In his mind, Paul Corkum envisioned a dramatic thriller. Its actors were the pulsating electric fields of ordinary infrared laser beams and the electrons of atoms in the laser’s path. As the plot unfolded, a puzzle would be resolved — opening, he realized, a new frontier in the measurement of the ultrafast and the ultrabrief.
Corkum is a laser and plasma physicist with Canada’s National Research Council and the University of Ottawa. His vision, in 1993, led him to become a pioneer in a field called attosecond science; since then his work has won him a stack of Canada’s top science prizes. He directs the newly opened Joint Laboratory for Attosecond Science in Ottawa. The laboratory produces X-ray flashes quick enough to “freeze” electrons orbiting an atom, and claims to make Ottawa the attosecond capital of the world.
“I tell my students we are puppet masters,” Corkum says. “We have access now to forces on charged particles that are on the scale of those that hold matter together, and we can make them do what we wish, with exquisite accuracy.”
Someday, attosecond science could lead to a deeper understanding of the chemistry of life, photocells of vastly greater efficiency or even electronic circuits managed by nanoscale lasers. But for now, this nearly two-decade-old science is still doing warm-up calisthenics before its first real game.
Attosecond science’s current lack of major discoveries bears some resemblance to the Large Hadron Collider just going through its shakedown exercises on the French-Swiss border, or the Hubble Space Telescope back when it sat on the launchpad — loaded with delicate mirrors, magnets, electronics, spectroscopes, cameras and the hopes of a corps of scientists already excited despite no achievements yet in hand. There is also a big difference. Attosecond research has no glamorous instrument to capture popular imagination. The key to its allure lies within its name.
Short and shorter
An attosecond is 10-18, a billionth of a billionth, of a second. An attosecond is to a second as a second is to the age of the universe. In three attoseconds, a beam of light traveling 300,000 kilometers per second can get only from one side of a water molecule to the other. And the electron of a hydrogen atom, dissolved in a hazy cloud of quantum mechanics probability, sloshes from one side of the atom to the other every 24 attoseconds — a fundamental oscillation dubbed the atomic unit of time.

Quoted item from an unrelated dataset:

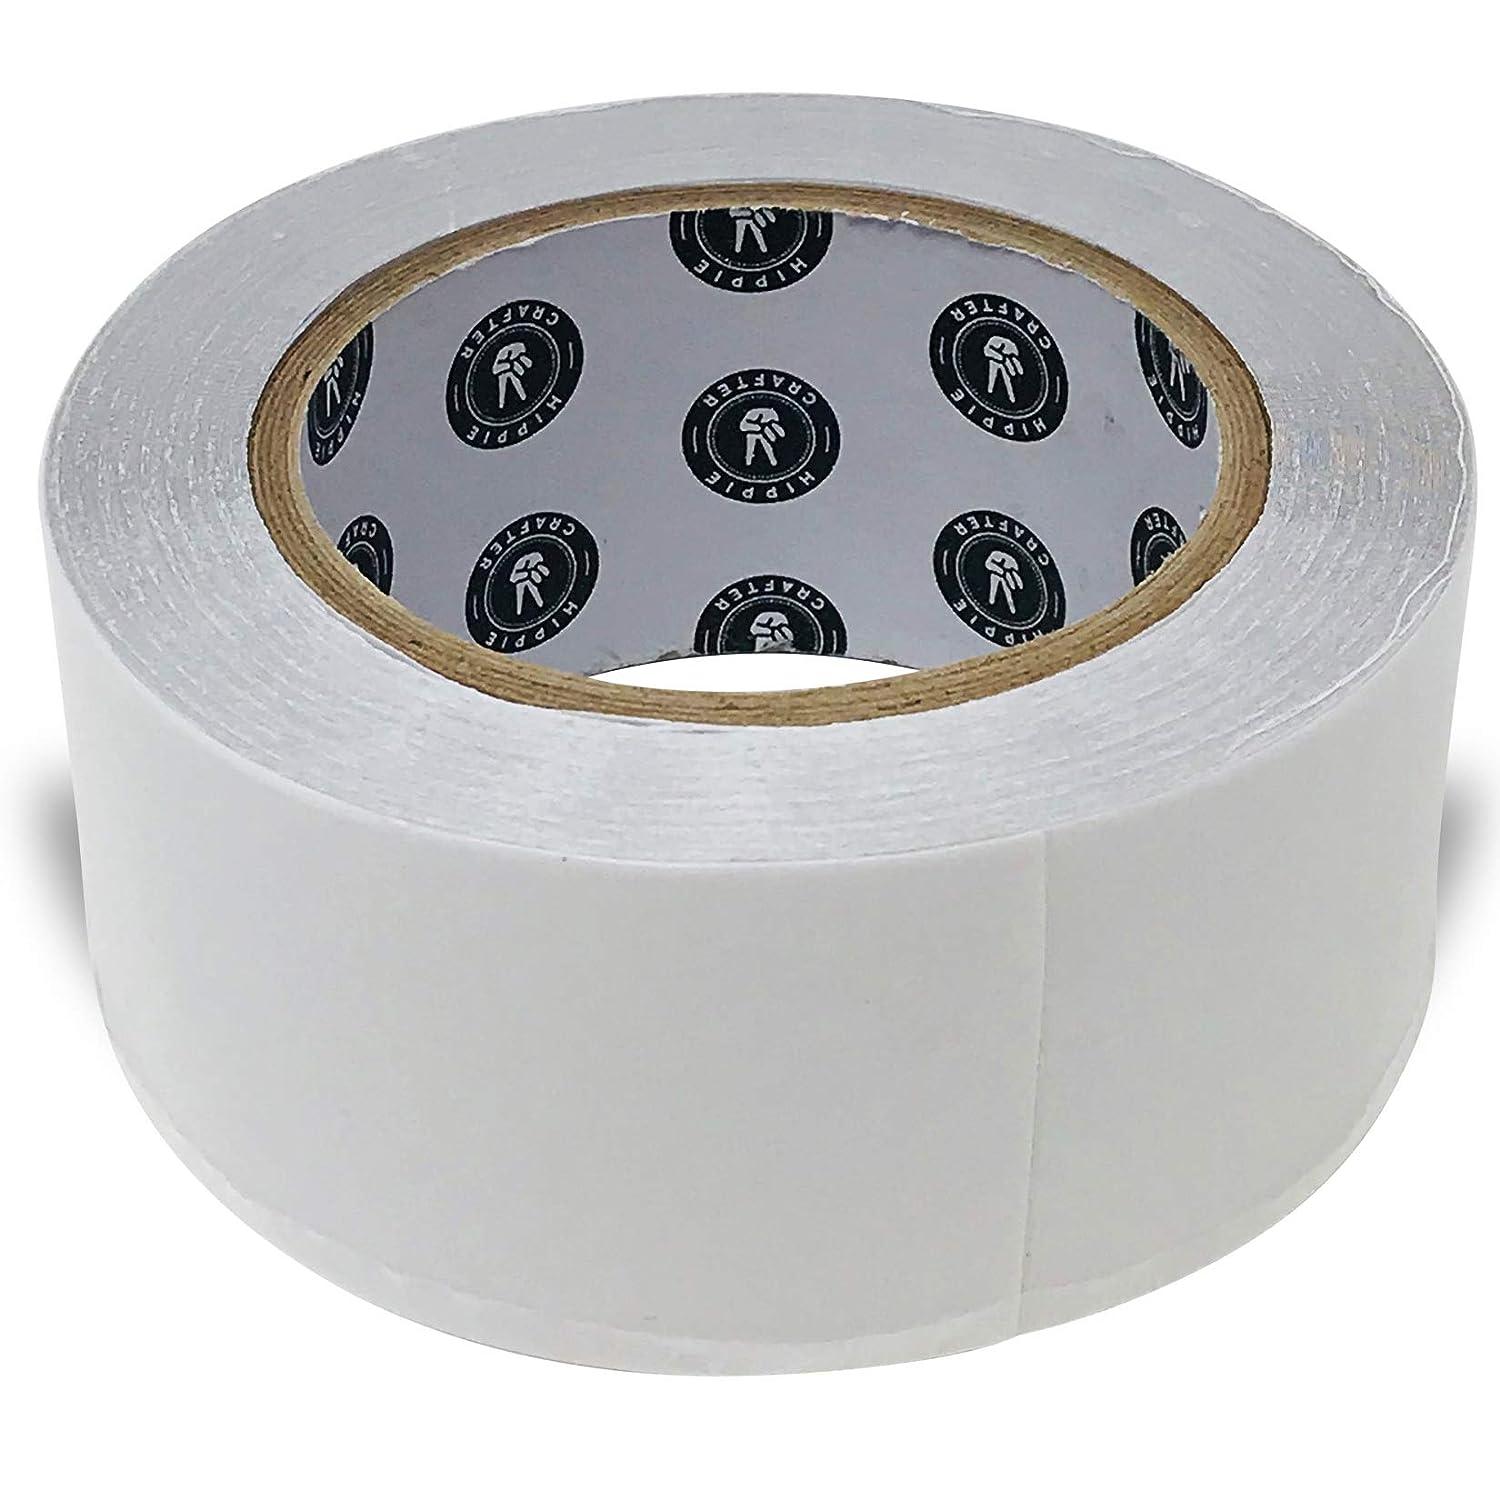  Gaffer Power Strong Double Sided Tape Heavy Duty, Nano Double  Sided Adhesive Clear Tape, Double Sided Tape for Crafts, Two Sided Tape  for Walls Removable

The attosecond scale stretches from one to 1,000 attoseconds, at which point the slower femtosecond domain begins. A pulse of one femtosecond, 10-15 (a millionth of a billionth) of a second, is still pretty fast. Ahmed Zewail, a physicist and chemist at Caltech, netted a 1999 Nobel Prize for using femtosecond pulses of laser light to study how molecules reflect and refract light, and otherwise behave at these fast time scales. A primary achievement of femtosecond science was to reveal how quickly the nuclei of atoms in molecules rearrange during a reaction.
“But we knew already that before the nuclei start to move, the electrons’ locations have already changed enormously,” Corkum says. To see that in action would require going faster than a femtosecond, and by the early 1990s technology had not yet caught up with theory enough to do so.
It was a pause in the science of taking snapshots of nature that had begun in the 19th century when cameras first froze horses in mid-gallop, revealing to science and to art that all four feet are regularly in the air simultaneously. Over time, faster and faster strobe lights and then laser flashes permitted images of processes to be captured within a thousandth, a millionth and shorter fractions of a second. But for making signals shorter than the femtosecond range for snapshots of electron activity inside atoms and molecules, even the best laboratory lasers had wavelengths a hundred times too long. The problem was getting enough power to run lasers at ever-decreasing wavelengths; the power required goes up by a factor of 100,000 every time the wavelength goes down by a factor of 10.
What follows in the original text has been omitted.